If anyone is listening to this and is going through a transition of life, like any kind of breakup or divorce or you lost a job or anything that your family culture will deem big, just

please, please, for the love of God, like use this fleeting moment of freedom because it is like the, it's like you're playing Mario Brothers and you just like hit the superstar.

You have this, this rare moment of temporary invincibility where no one can say shit to you.

That like,

use it.

Use

something you want for the holidays.

And it would, and, and you'll get away with it and you should, and you'll be very happy.

Yeah.

Go ahead and surprise yourself yeah i think that's that magic you felt it's also you chose yourself yeah and that is a magic that's a revolution you're feeling revolution when you were looking at that because breaking free from tradition tradition is what keeps us it's an important thing right there's no this is an and both situation totally but tradition really keeps us caged in certain ways you know absolutely it's like what they call tradition peer pressure from dead people it's like seriously like we can think it through.

What if our tradition is,

it's like choosing this, the letter of the law over the, over the spirit of the law?

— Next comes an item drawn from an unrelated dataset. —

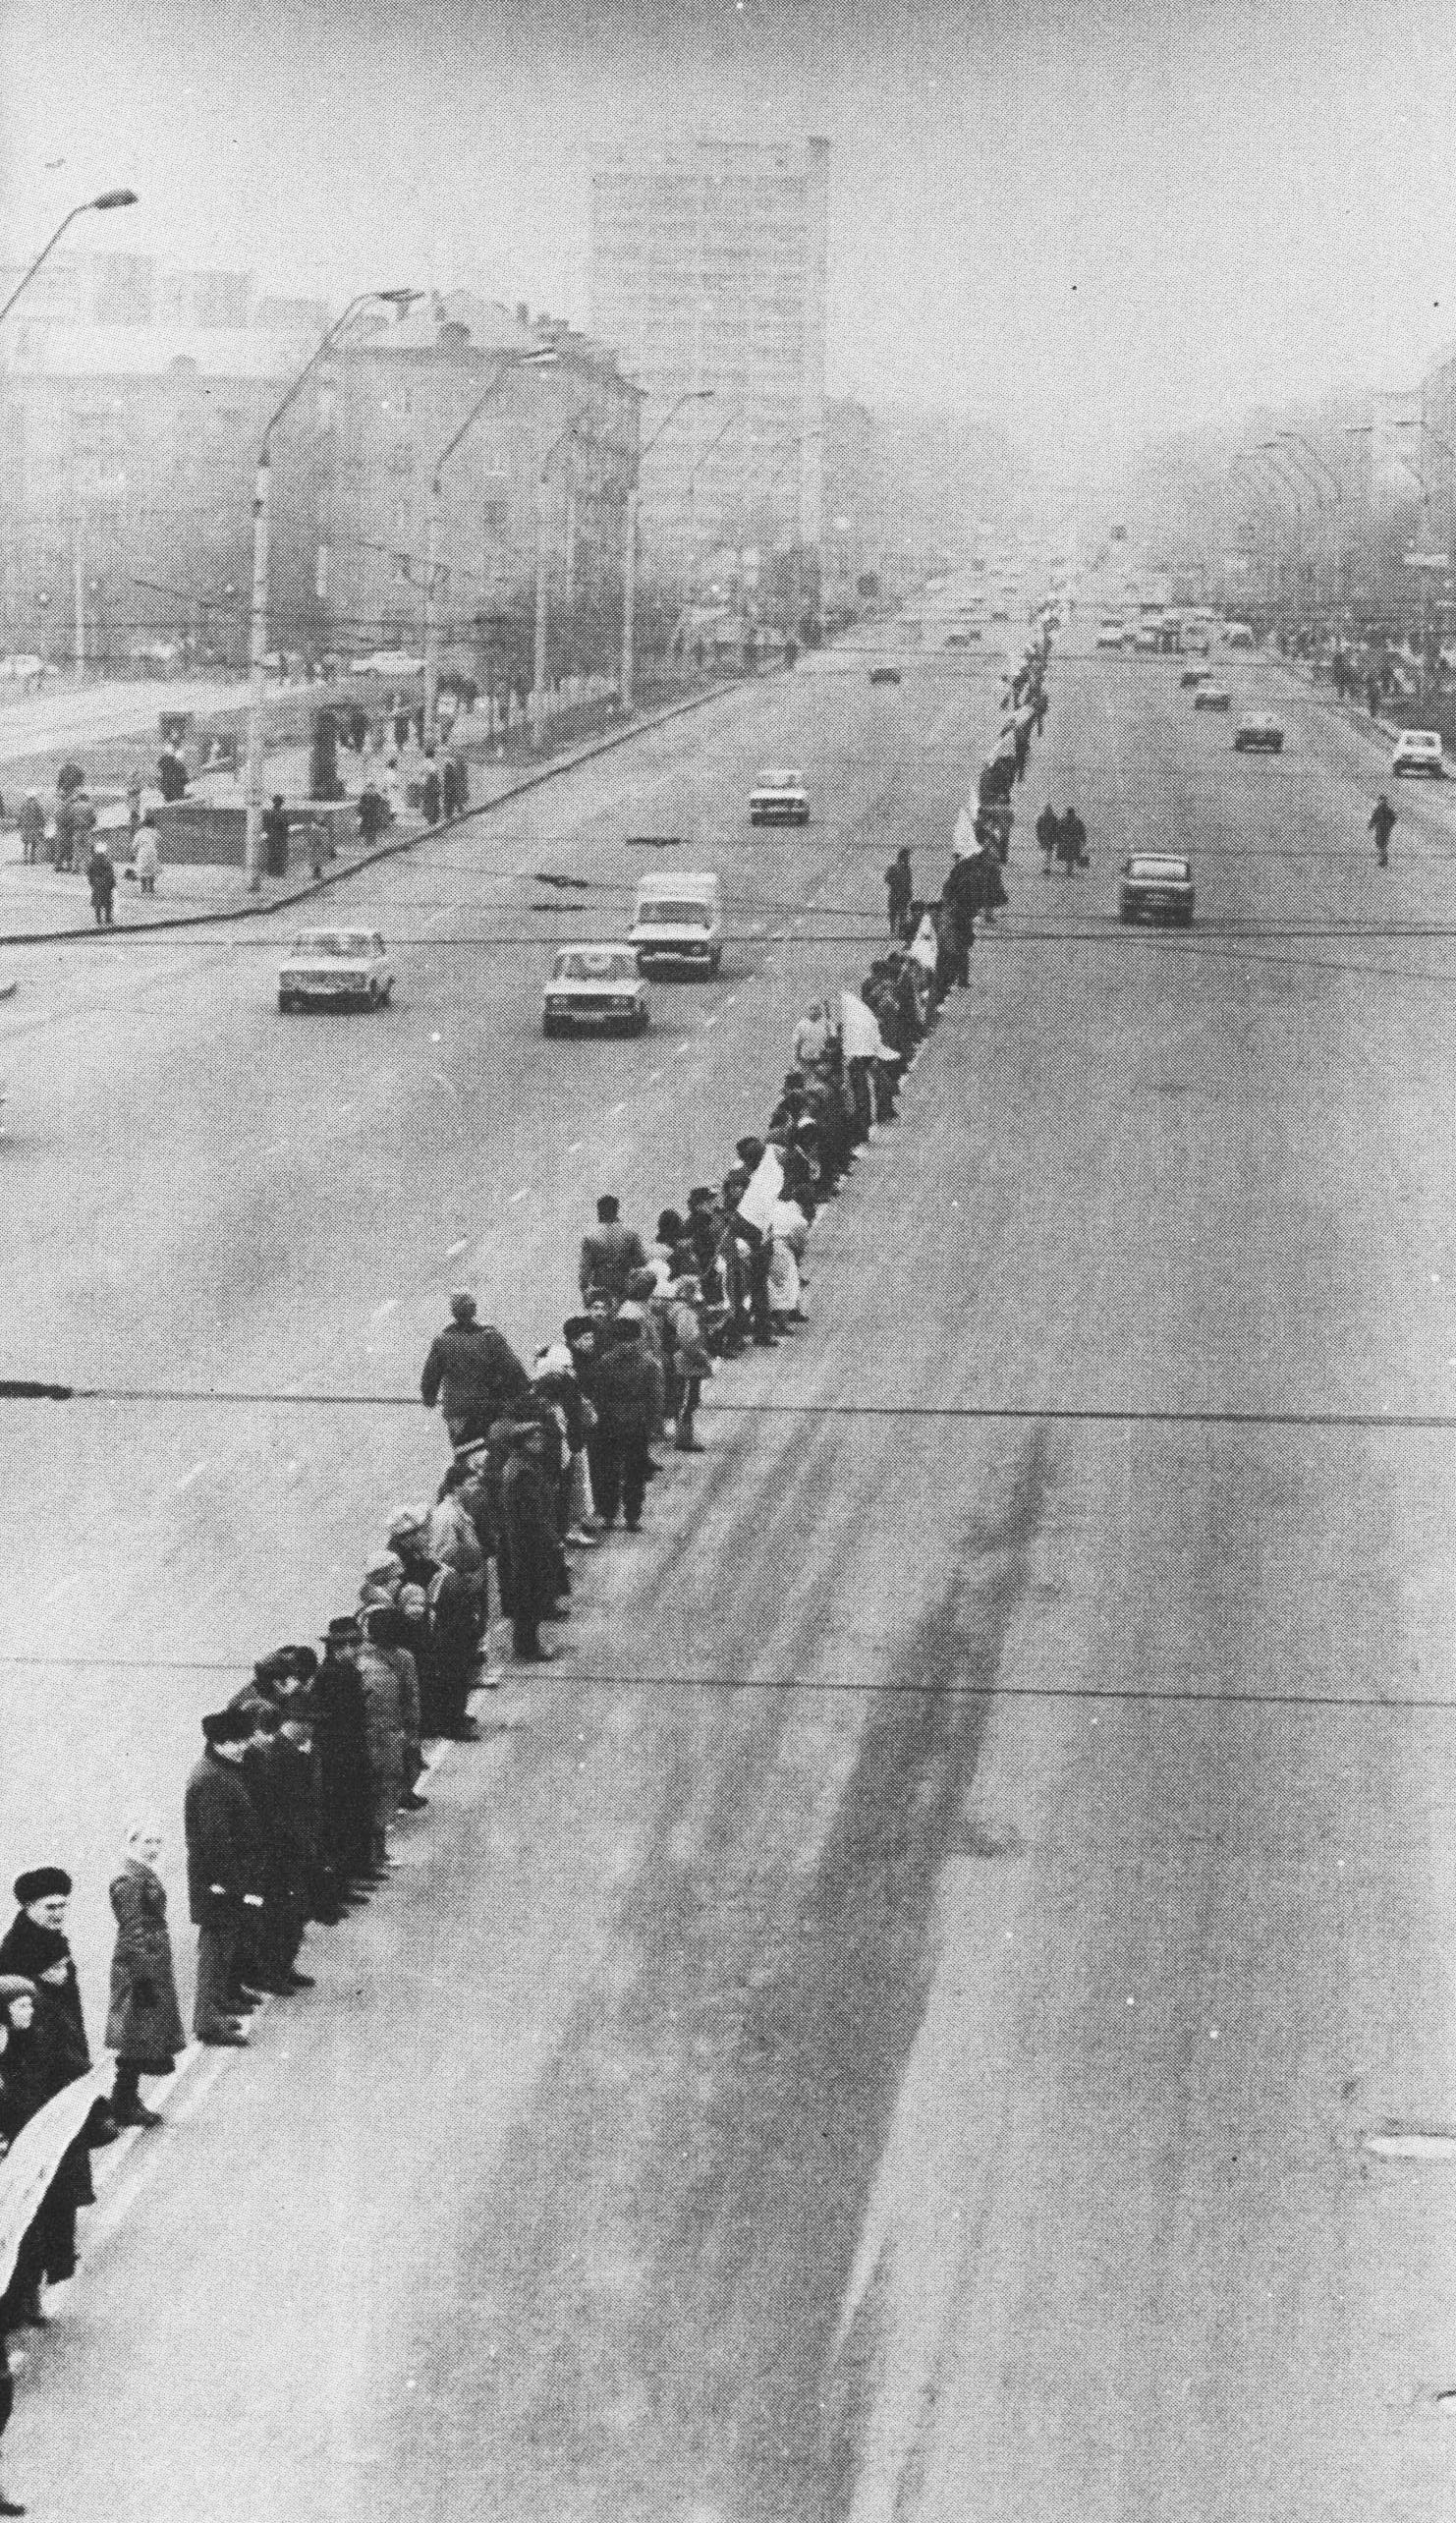 People form a human chain on the streets of Kiev, Ukraine in 1990. This was done to mark the Act of Unification of UPR and ZUNR as Ukraine pushes for its own independence. Long had it been one of the key territories of the USSR, it would peacefully get its wish in 1991. However, ever since and still to this day Ukraine has been a major player in the West vs the East chess game as it has active conflicts with Russian separatists going on right now.
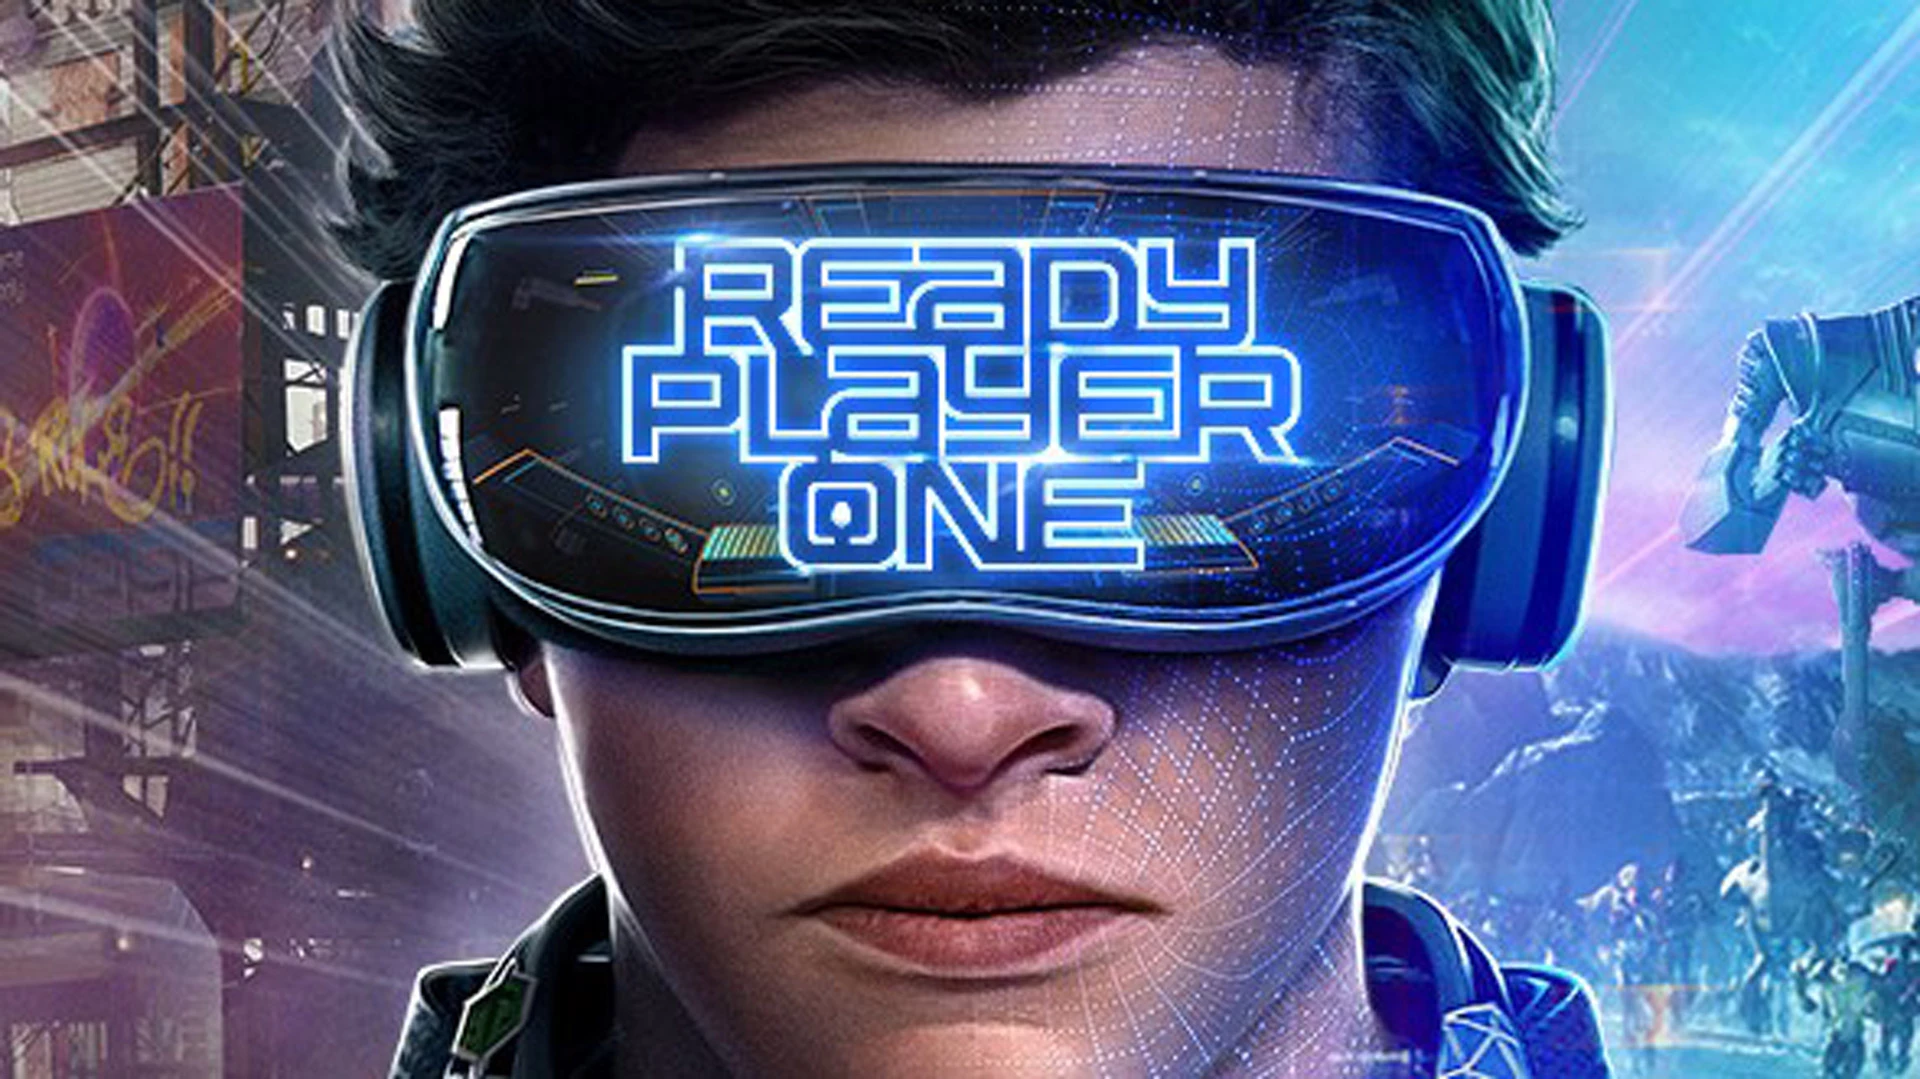 movies like nerve - Ready Player One (2018)

Like, what if the tradition each holiday is, what does, what do I and my family need this year to feel free and held and fueled and loved and relaxed and whatever.

What if that's the tradition?

Yes.

And then you move parts because families or people are not static.

Like what created something beautiful 20 years ago might very well not be what this particular person in this particular family need in this moment this year.

Yes.

So when we use that, it's using an old blueprint for what our family needs right now.

I totally agree.

And I think, you know, for

you listener out there, who might be also experiencing some sort of transition or divorce, my choice during my divorce went very differently than sisters.

And I just want to put that out there that some people might not have the ability to go to Costa Rica or have a life-changing experience like you did.

I just sat in a hotel room by myself during the holiday of Thanksgiving

one year.

And honestly, it was like the saddest experience.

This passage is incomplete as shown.